Our value function for VT (x) satisfies this optimality equation:
VT (x) = max
1≤a≤x
pVT −1(x + a) + (1 − p)VT −1(x − a),
which holds for all T ≥ 1, and x ∈ {1, 2, 3, . . . , 9}. We also have boundary conditions:
• For all T ≥ 0: VT (0) = 0 and VT (x) = 1 for any x ≥ 10;
• V0(x) = 0 for x ≤ 9;
You will use this Optimality Equation (for each x ∈ {1, 2, . . . , 9}) to calculate Vn
from Vn−1 for each n ≥ 1 until you have found V1000(x). (I suggest you fix p = 0.4
until Part II). Parts (a)-(b)-(c) are intended to be very quick, the exercise really starts
at (d).
(a) Why is X = {0, 1, 2, . . . , 18} the full set of reachable state while following the
game rules? For which values of x ∈ X do you already explicilty know the values
of Vn(x), for every n ≥ 0? (i.e. boundary conditions)
(b) Create a vector, V of length 19, to hold the values of V0(·). Note that in R, the
first element of a vector is called element 1, so V[i ] will need to contain V0(i−1).
(c) Create another vector, W, this time holding the values of V1(·). Only insert
values from the boundary conditions. Values not known from the boundary
conditions should be set equal to NA.
(d) Define a function of x, a, p and VT −1 which calculates the right-hand side (RHS)
bracket of the optimality equation for the given values.
(e) Identify the valid choices a ∈ Ax. Construct a loop over all valid (x, a) combinations
(we only need 1 ≤ x ≤ 9, and I suggest an outer loop over x, and inner
loop over a). Test it by printing all (x, a) pairs.
(f) Inside the loop, add a step to call the function defined in (d) for each a ∈ Ax in
order to find the best choice a at each x. Then for each x ∈ {1, 2, . . . , 9} store
the best choice of a in some vector you create.

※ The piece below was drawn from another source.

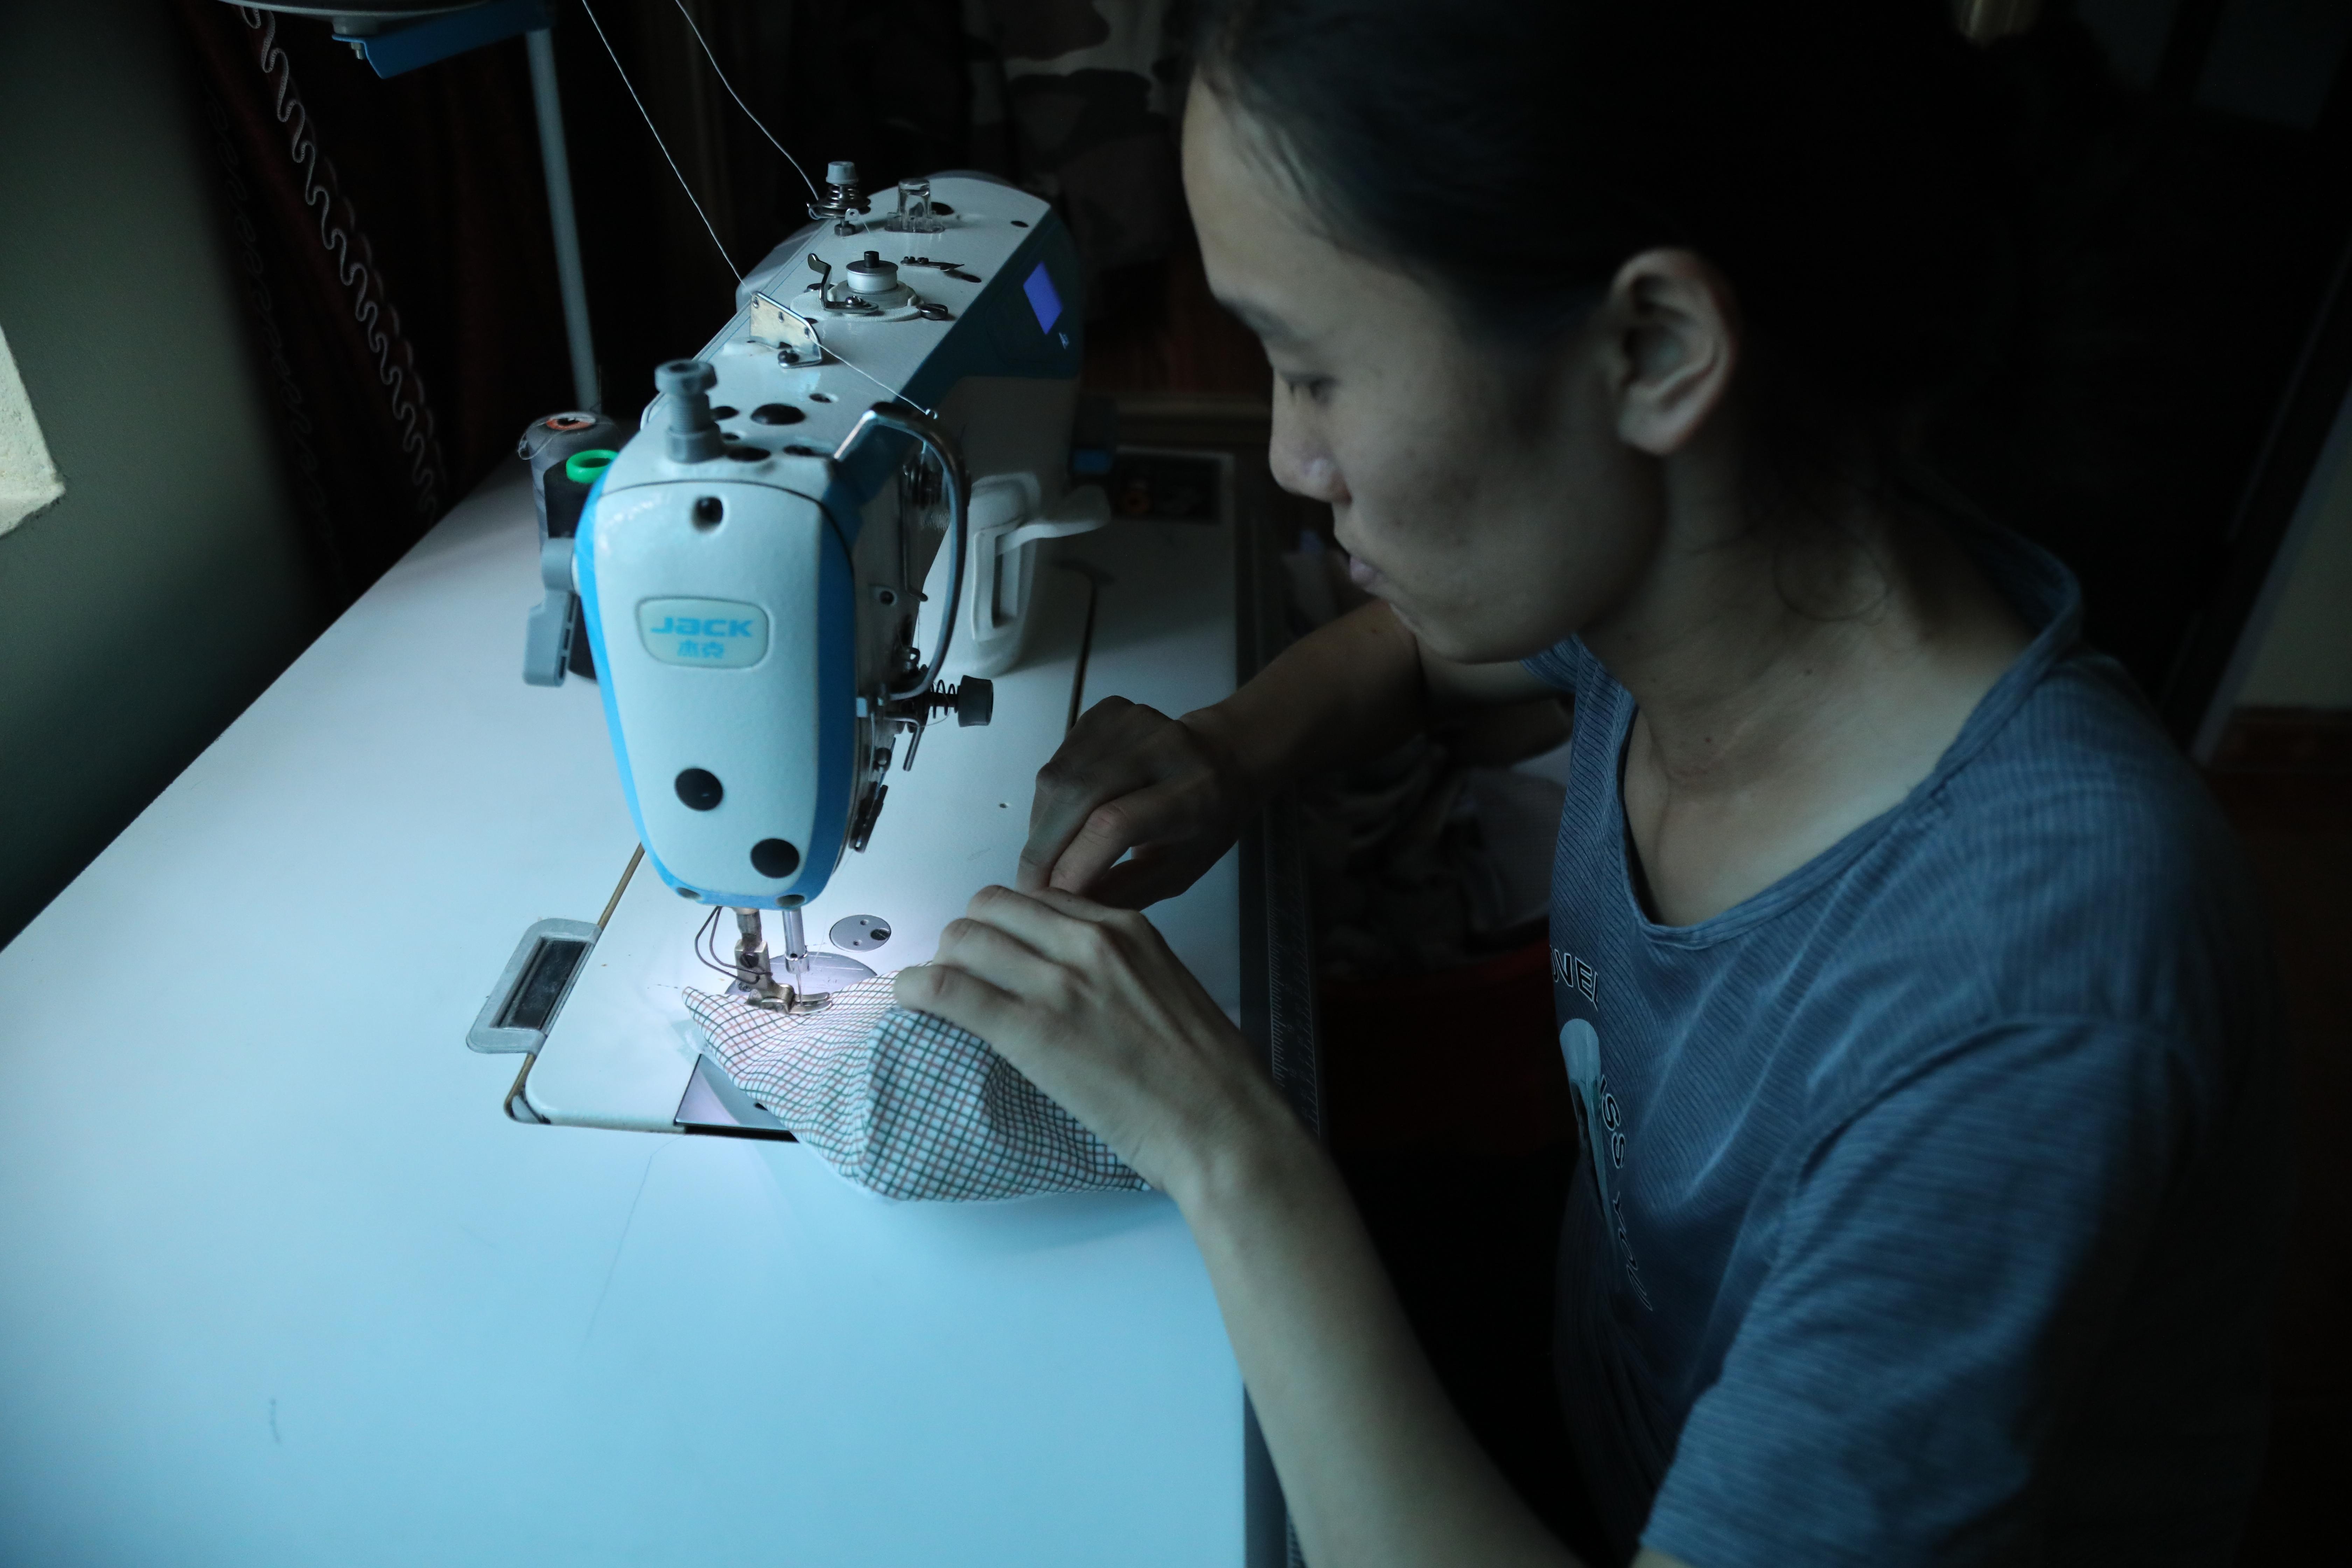 Chị Vũ Thị Tuyết bên chiếc máy khâu do Mặt trận trao tặng. Ảnh: Quang Vinh.
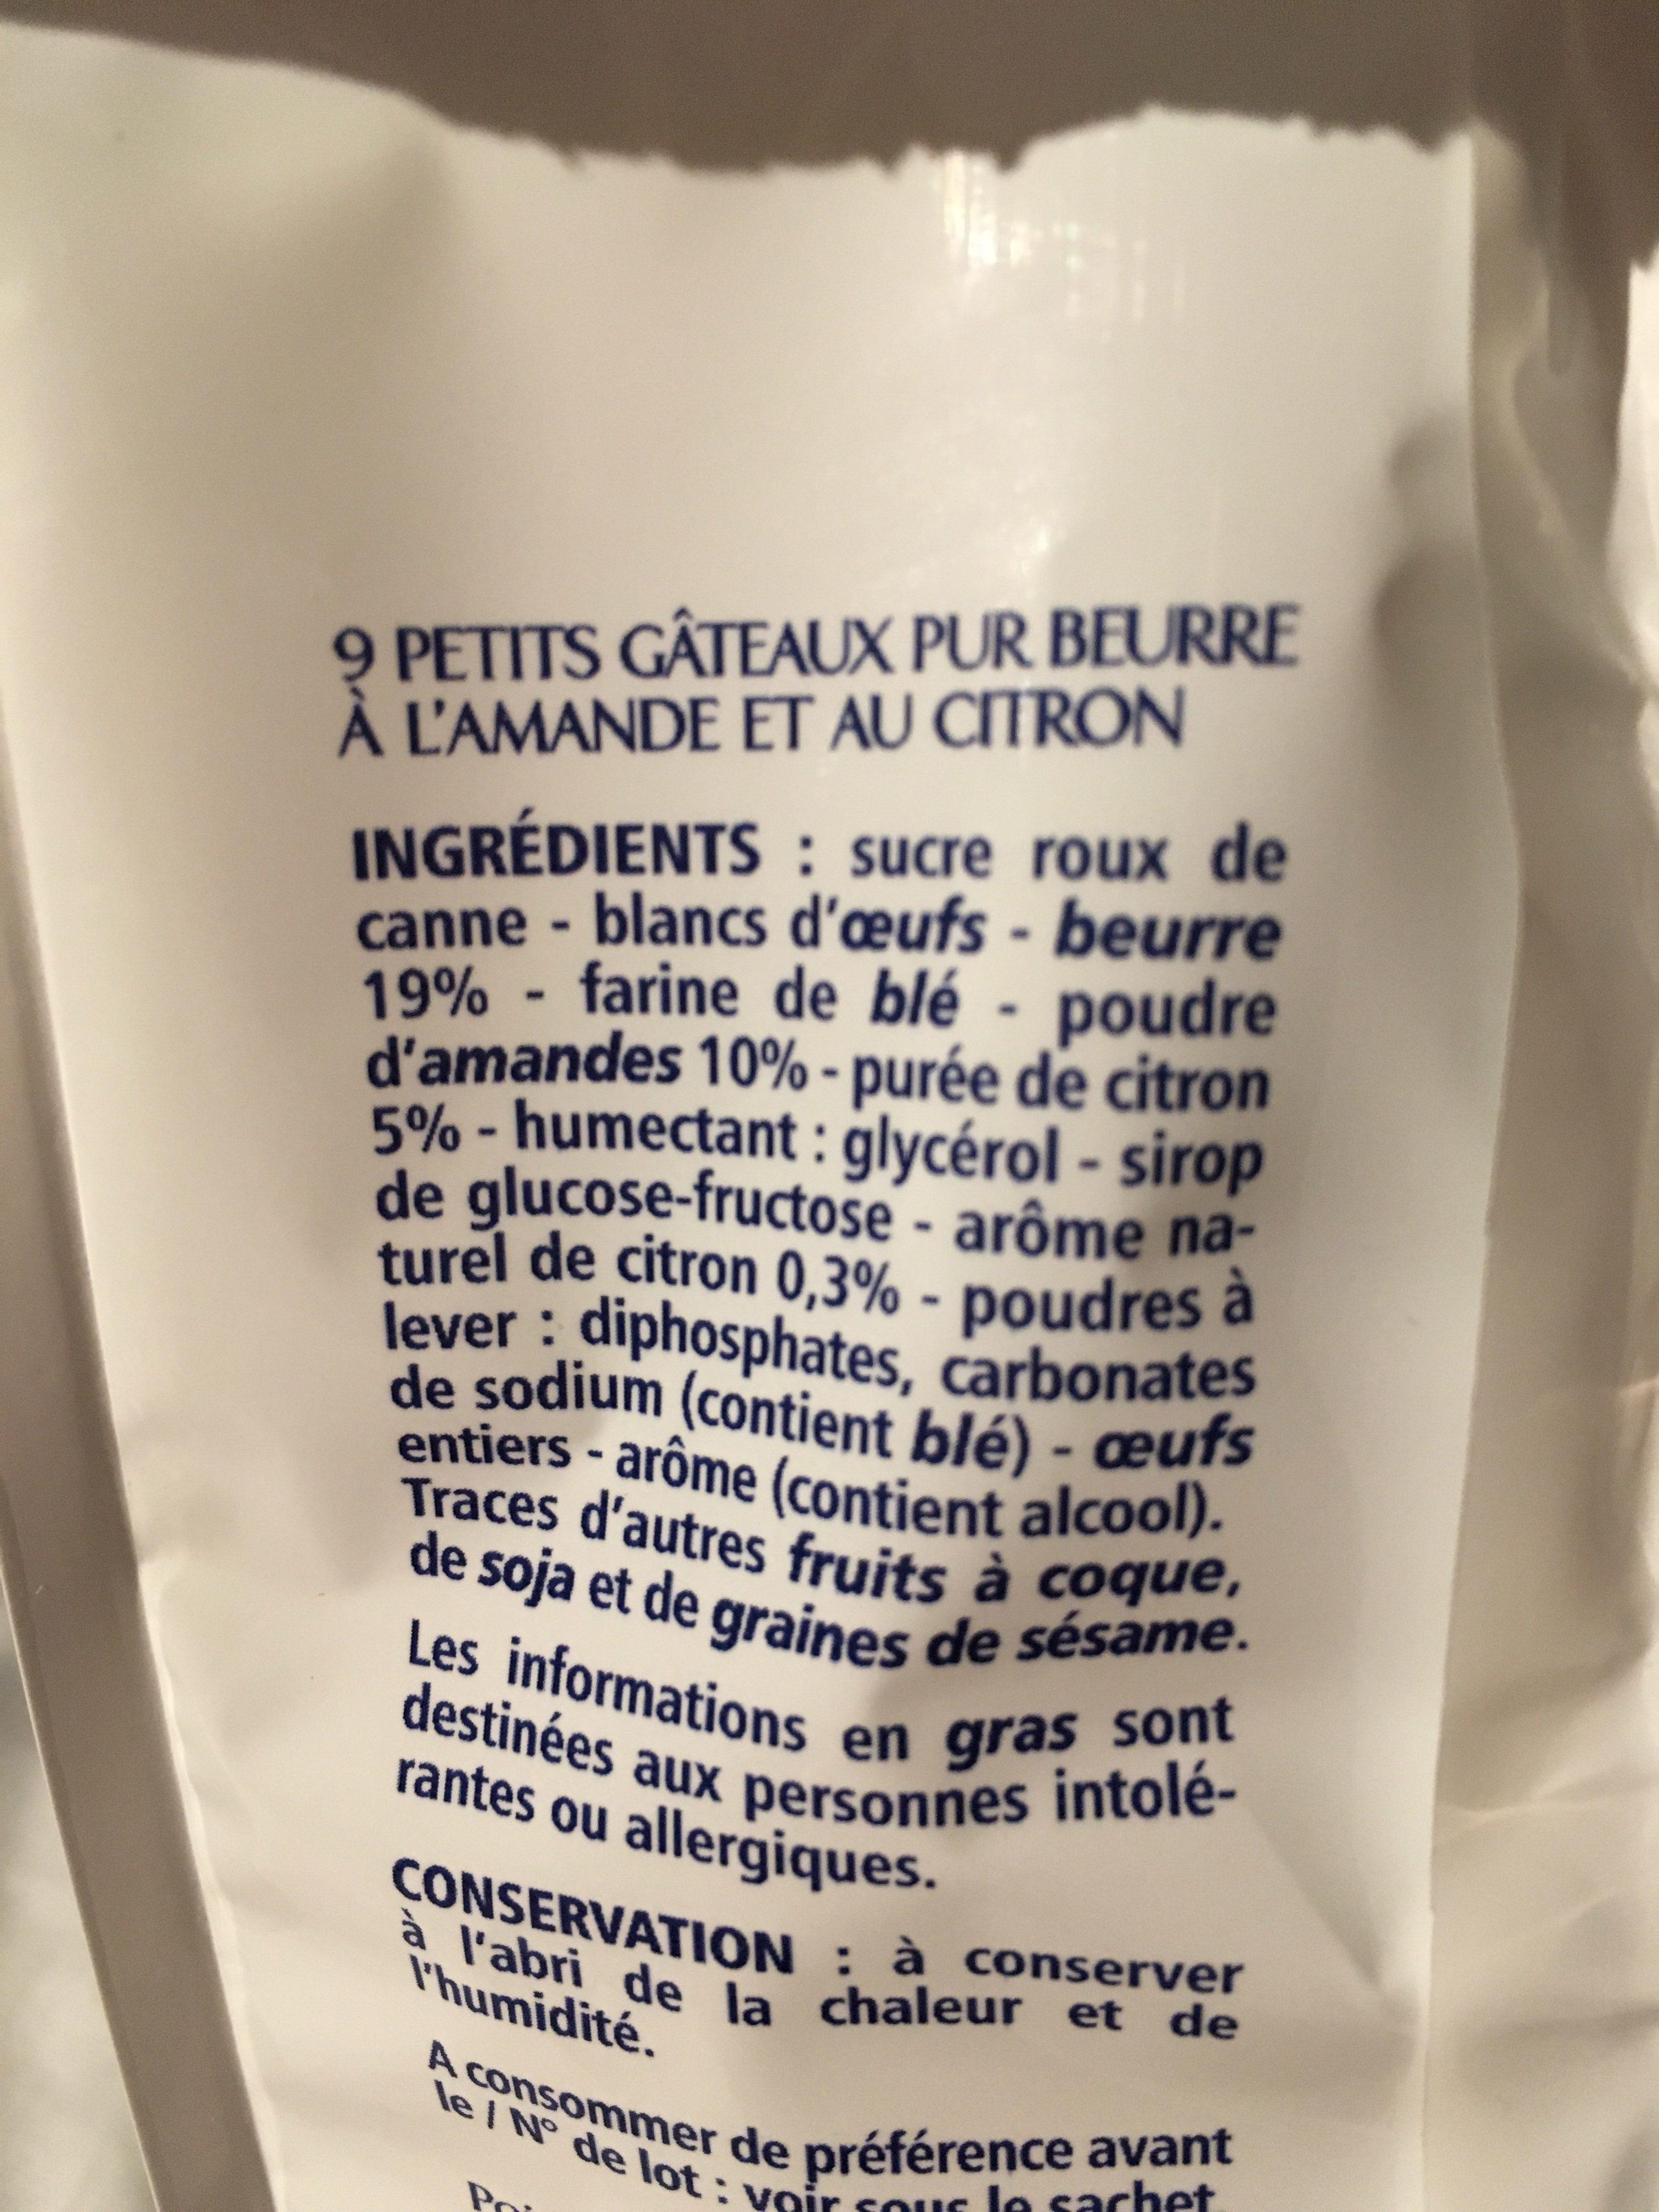 Les petits moelleux au citron pur beurre - Ingrédients - fr

(g) In your loop above, use the the vector W to store the values of VT (x) calculated
as the best value of the RHS of the optimality equation when given x and VT −1.
(You can use V to store VT −1, and W for VT .)
(h) Copy your code above inside the function shell described in the accompanying
purple block from the notes (see previous page) and ...
Part II: Use your value function function to answer questions... most importantly
comment on the answers!
• Find V1(x), V2(x) and V3(x) for x ∈ {1, 2, . . . , 9}, when p = 0.6. Also finding
the optimal first initial actions.
• How does V1000(5) vary for p ∈ { 110 ,13,12,34}?
• What is the initial optimal betting action for each state when p = 0.4 and
T = 20?
• How do V1000(x) and V999(x) compare?
• Feel free to answer other questions you pose yourself too!
3-31
版权所有:留学生编程辅导网 2020 All Rights Reserved 联系方式:QQ:99515681 微信:codinghelp 电子信箱:99515681@qq.com
免责声明:本站部分内容从网络整理而来,只供参考!如有版权问题可联系本站删除。